* **RAW DATA**:
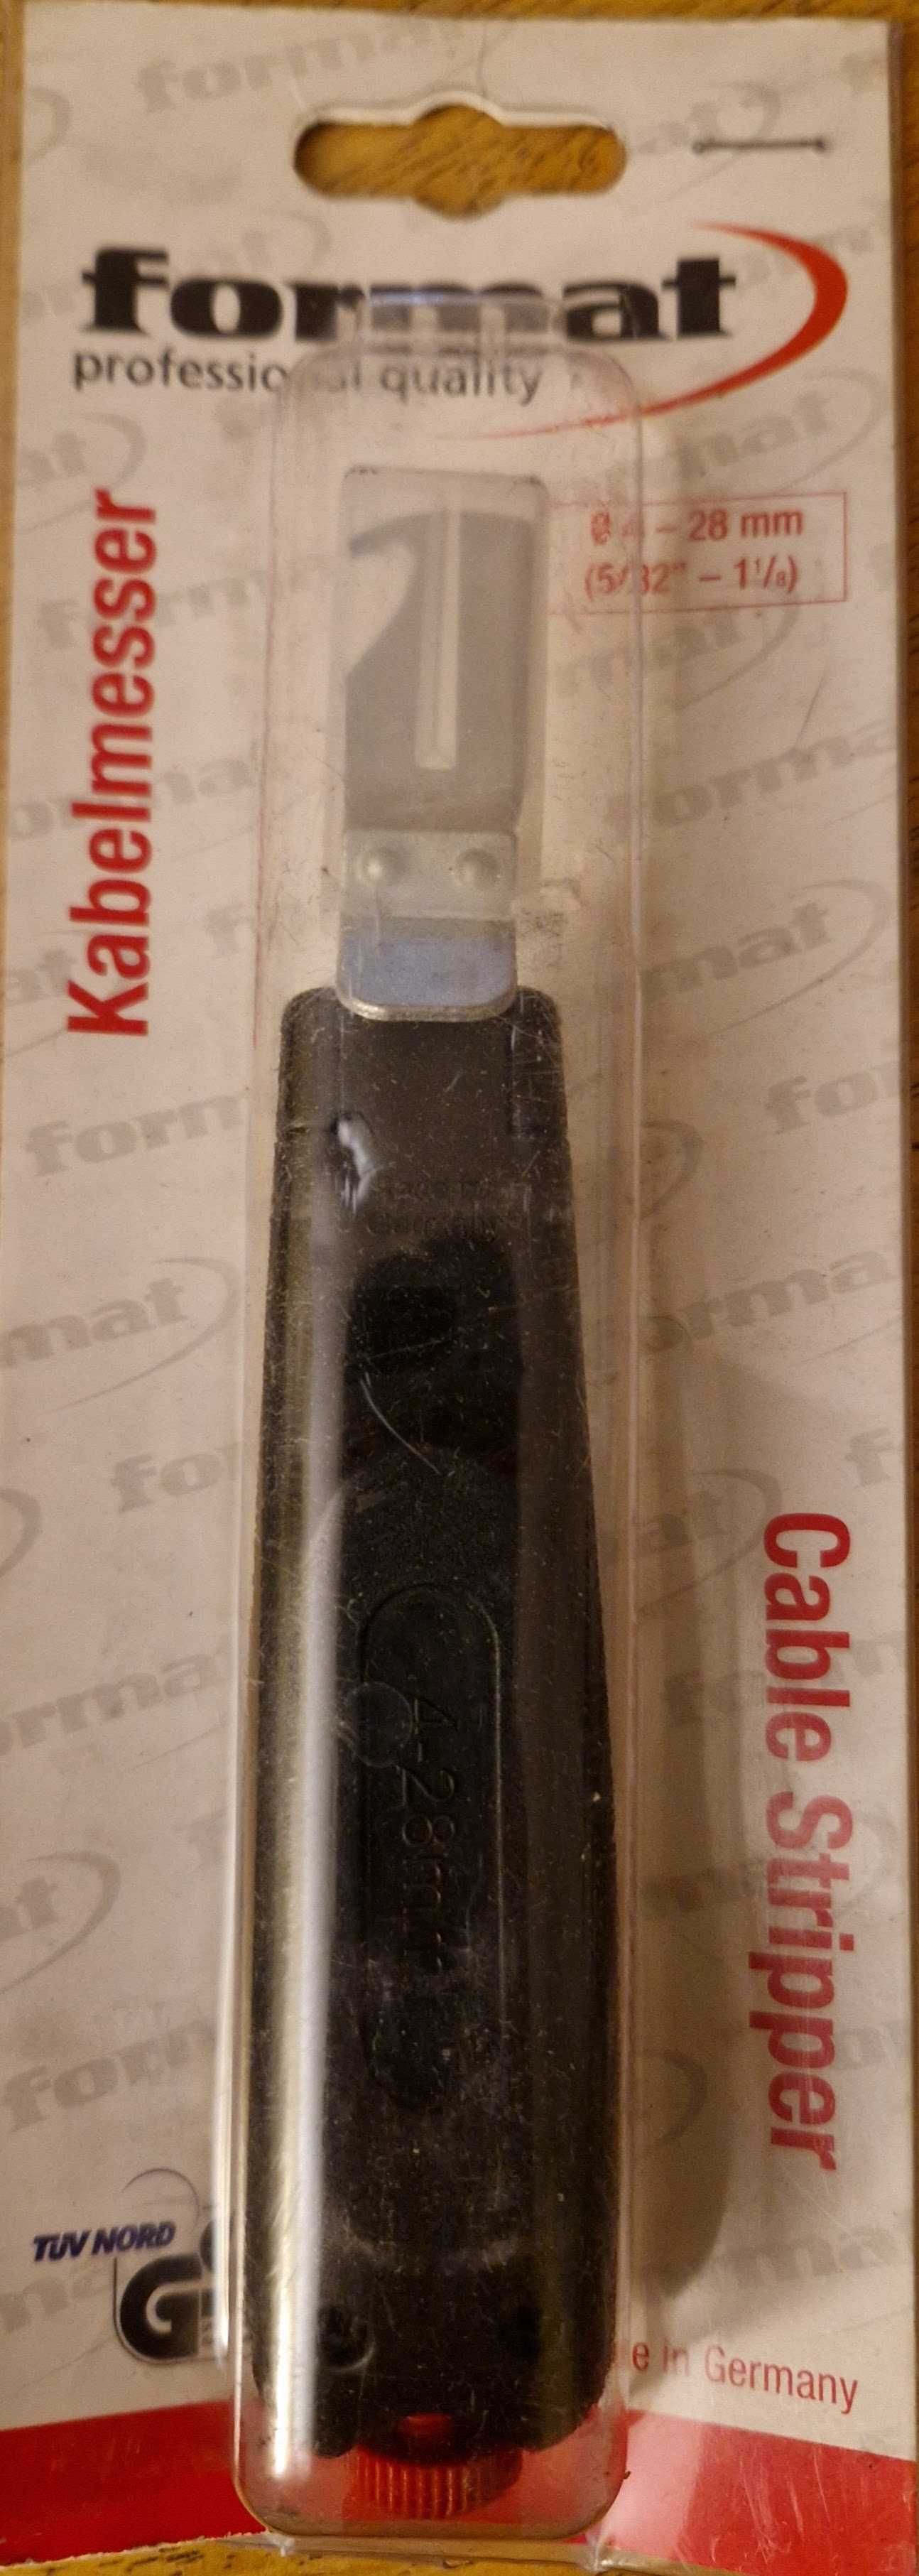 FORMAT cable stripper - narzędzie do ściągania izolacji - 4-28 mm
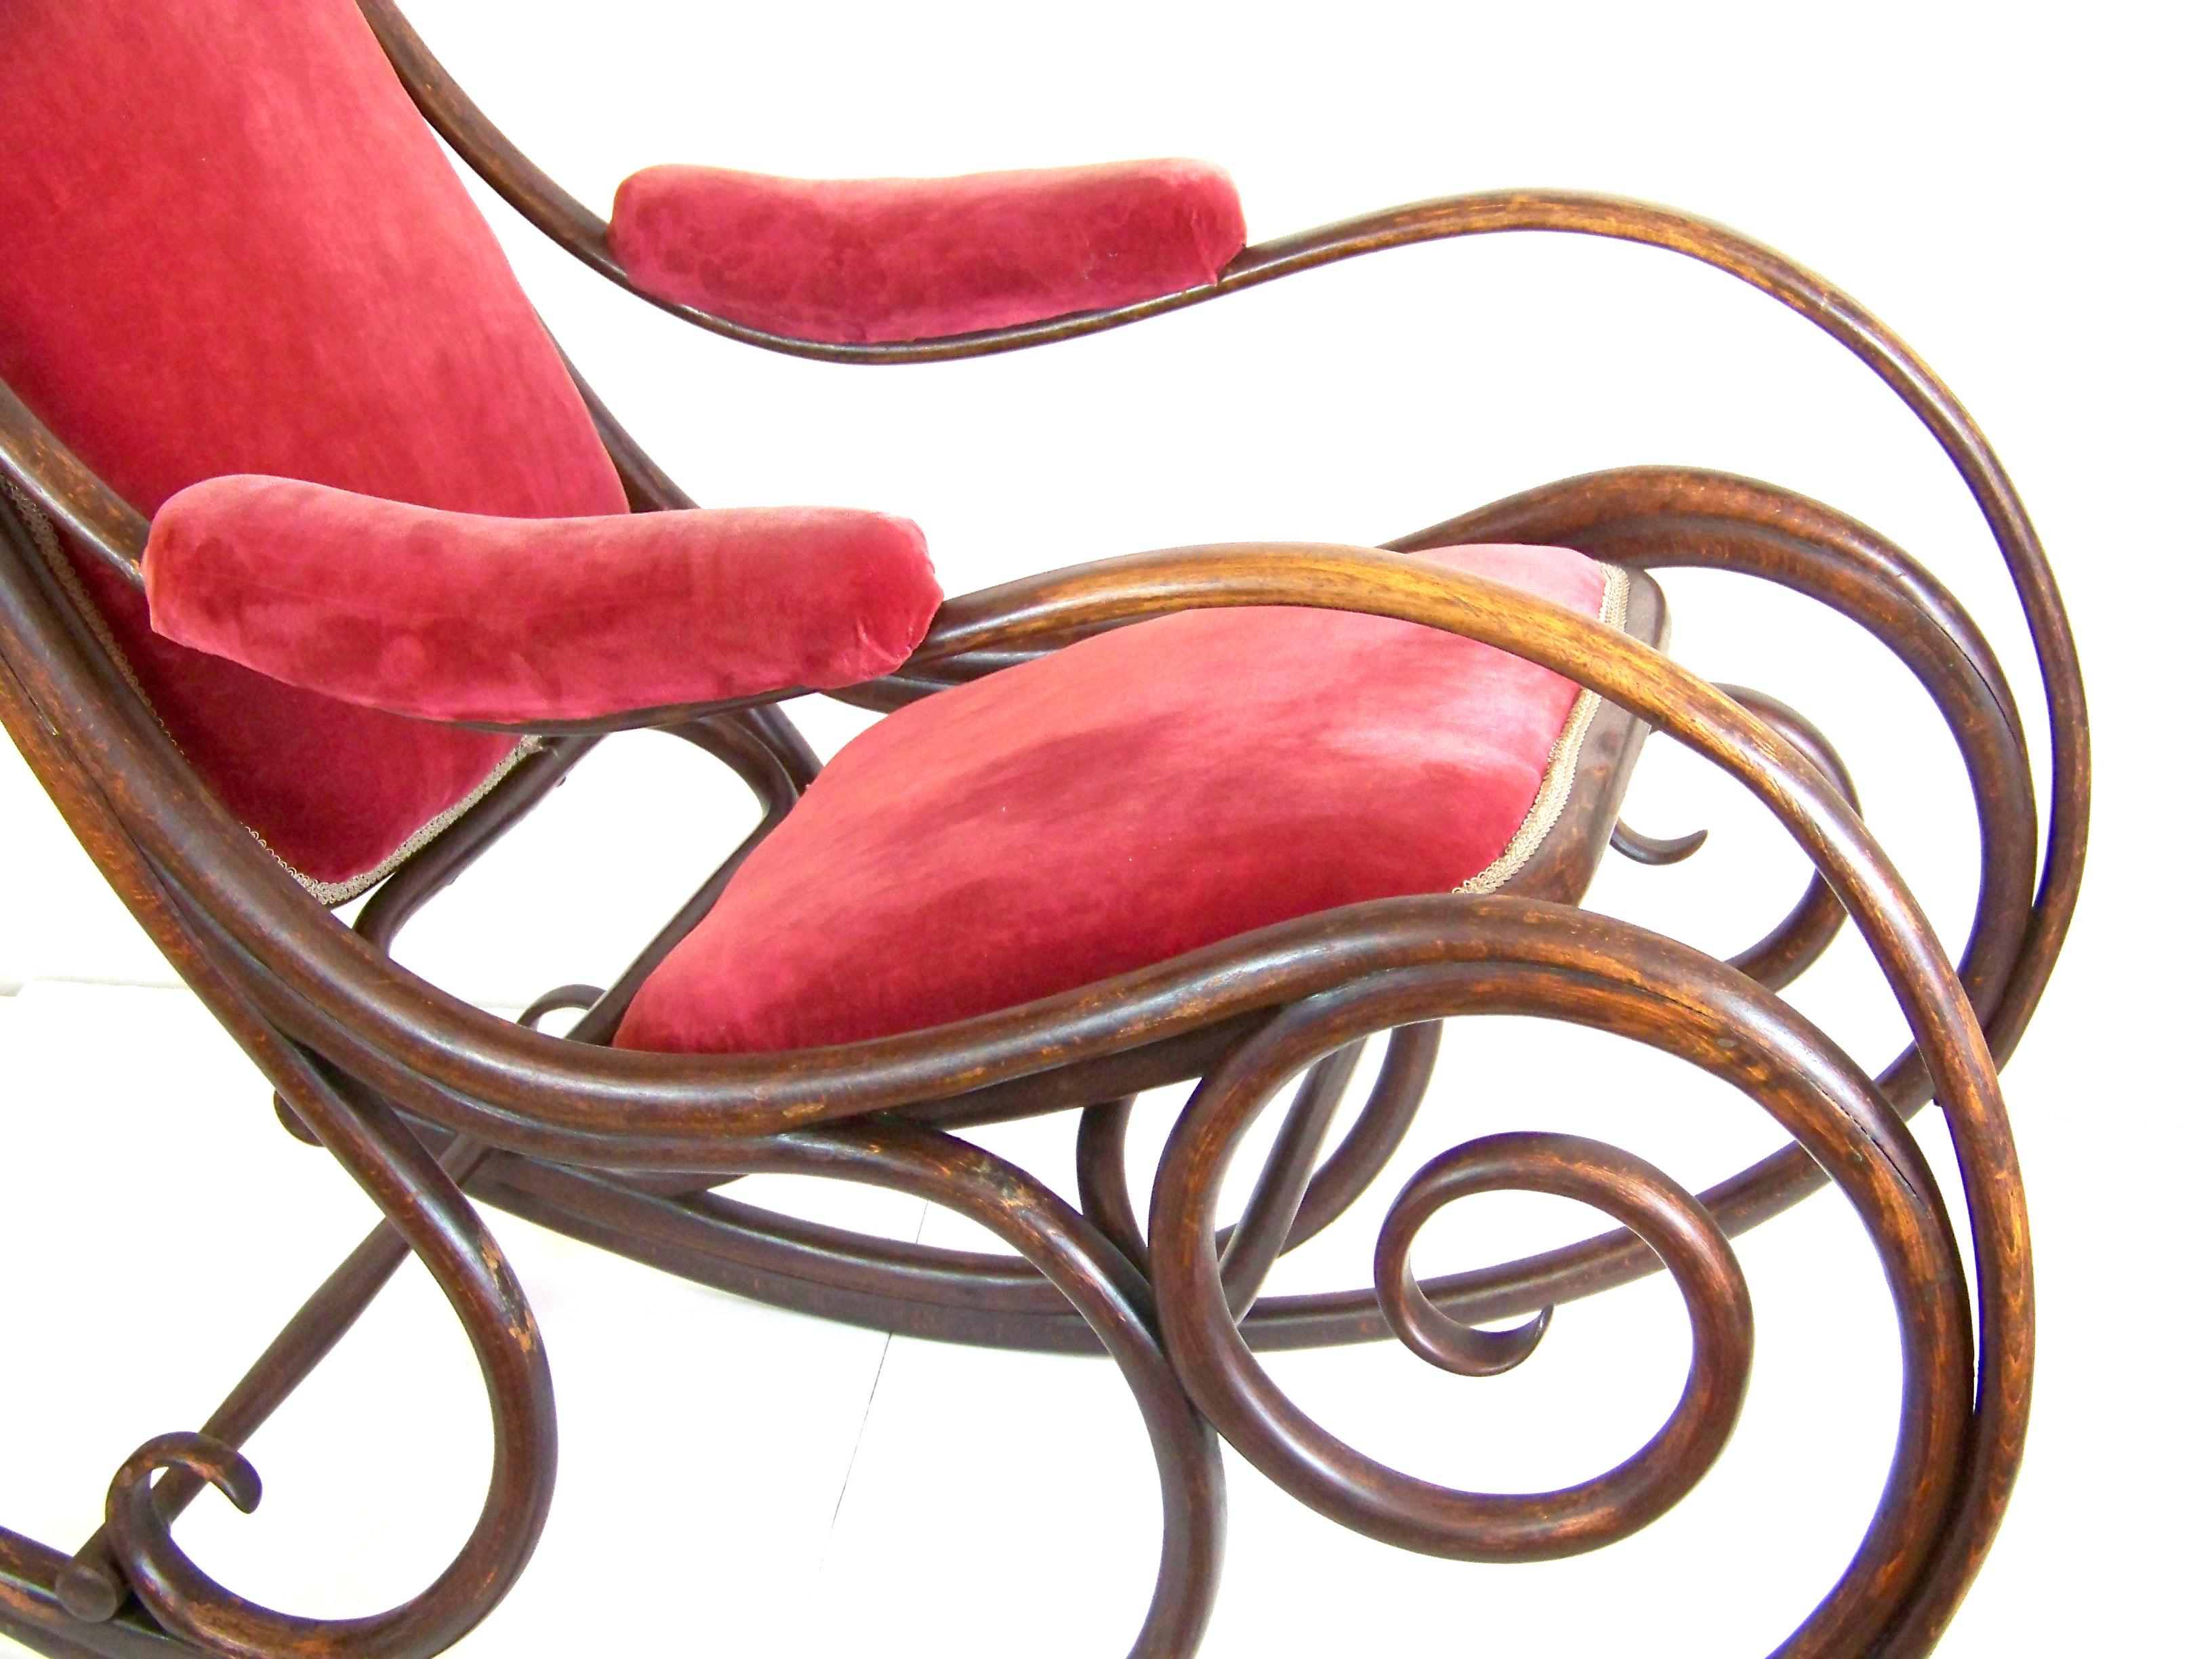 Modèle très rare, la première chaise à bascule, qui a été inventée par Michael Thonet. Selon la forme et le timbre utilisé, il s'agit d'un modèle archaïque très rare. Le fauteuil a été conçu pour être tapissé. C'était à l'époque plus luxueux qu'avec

--

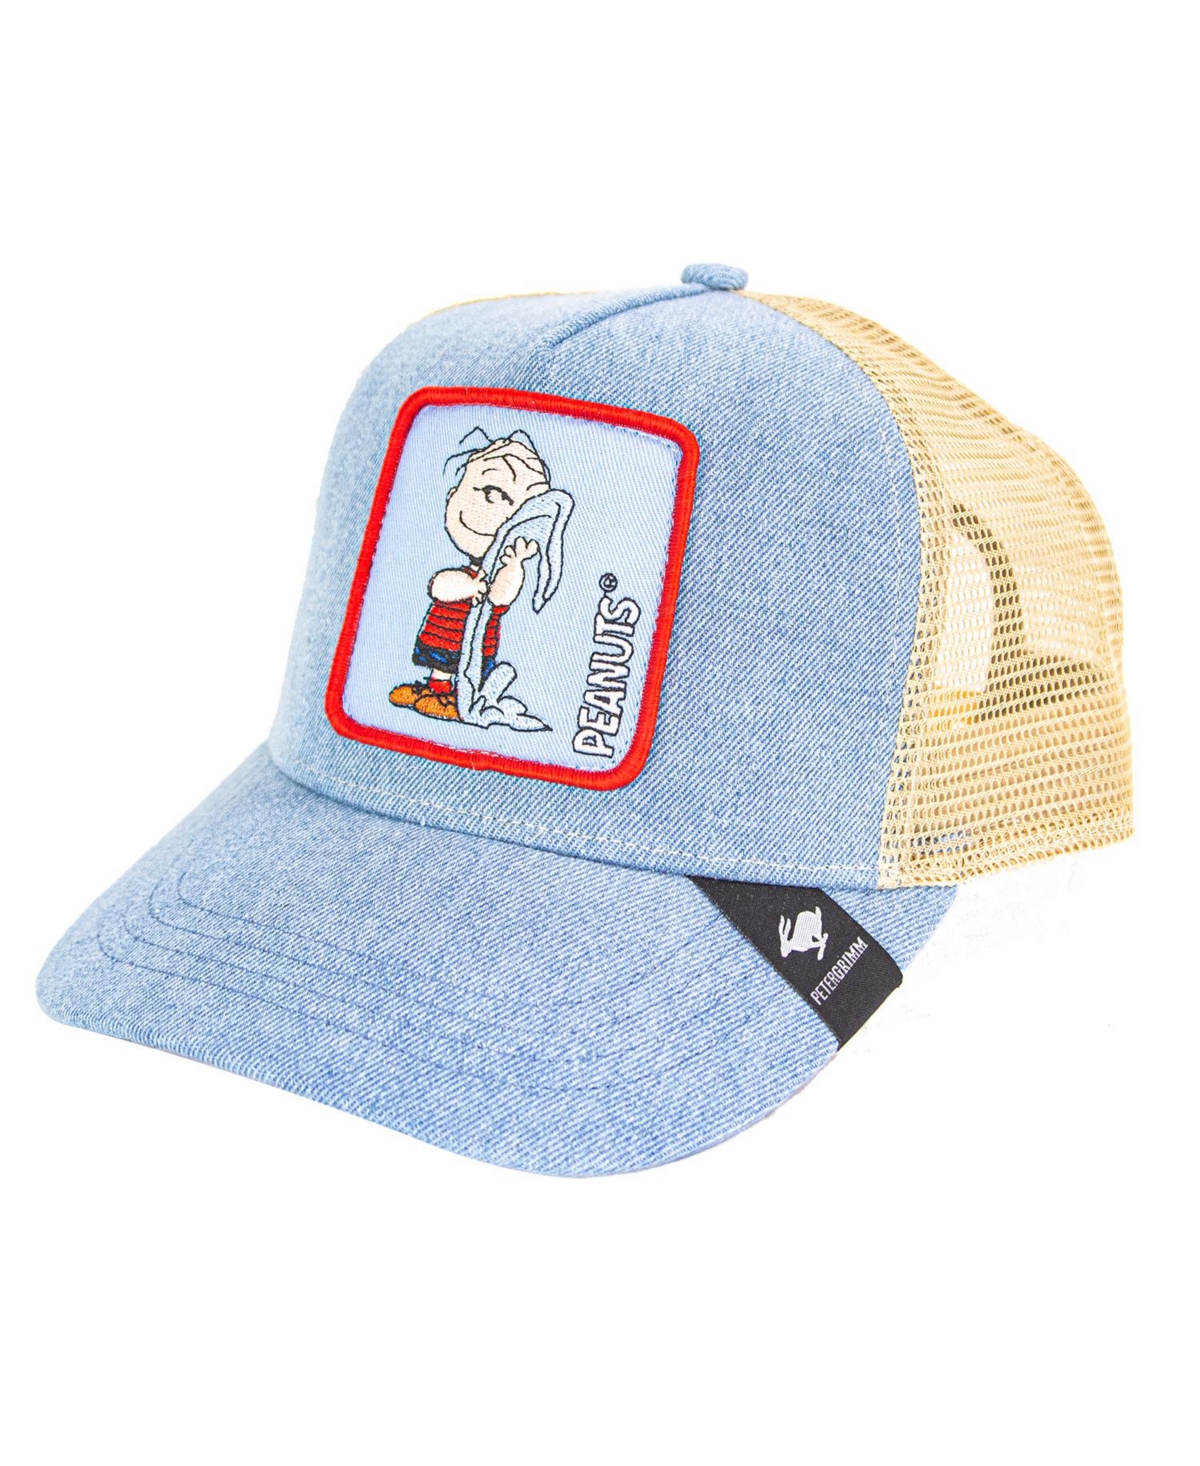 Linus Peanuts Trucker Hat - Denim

---

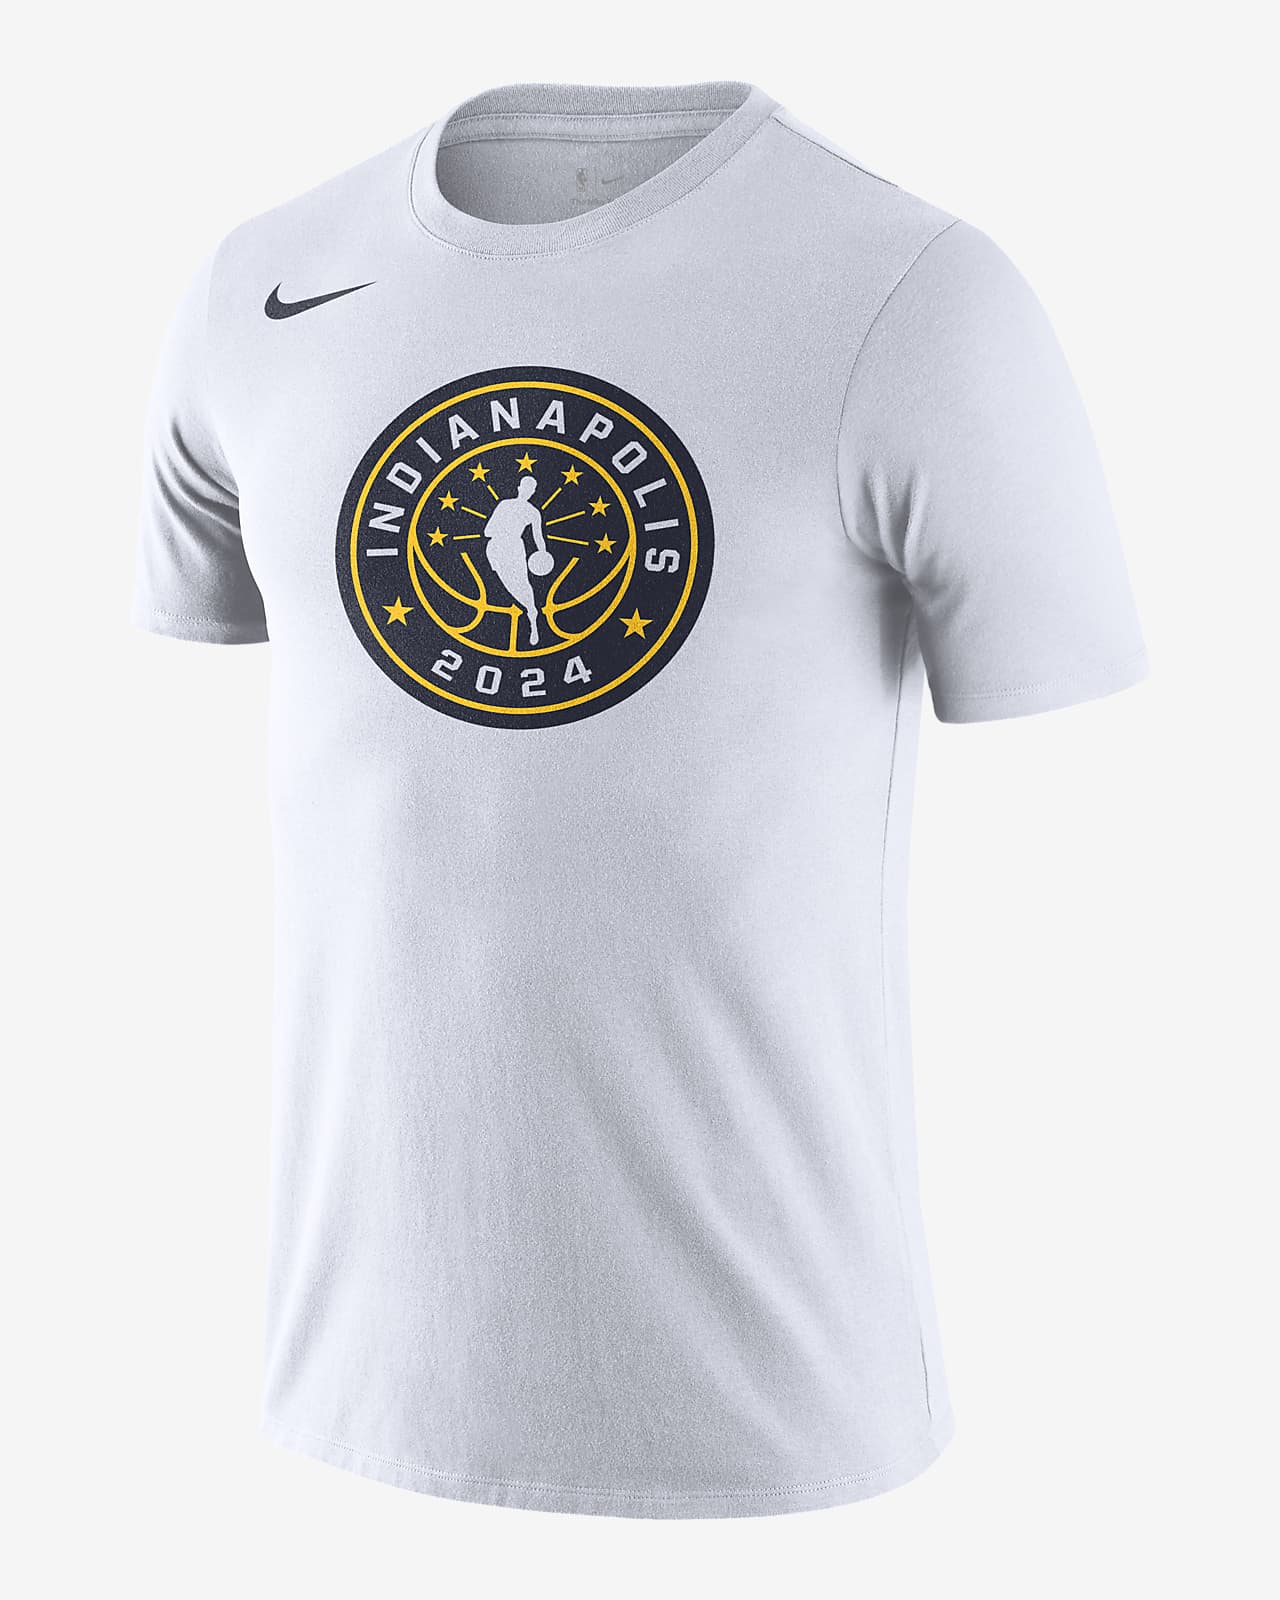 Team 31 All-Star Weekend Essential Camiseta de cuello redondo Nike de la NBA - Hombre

* **YOUR ASSIGNMENT**:
Transcribe exactly the lines above, beginning at the one with "FORMAT cable stripper" and going up to and including the one with "Modèle très rare, la". Pictures do not belong in the copy.

* **SOLUTION TO THIS EXERCISE**:
 FORMAT cable stripper - narzędzie do ściągania izolacji - 4-28 mm
 Modèle très rare, la première chaise à bascule, qui a été inventée par Michael Thonet. Selon la forme et le timbre utilisé, il s'agit d'un modèle archaïque très rare. Le fauteuil a été conçu pour être tapissé. C'était à l'époque plus luxueux qu'avec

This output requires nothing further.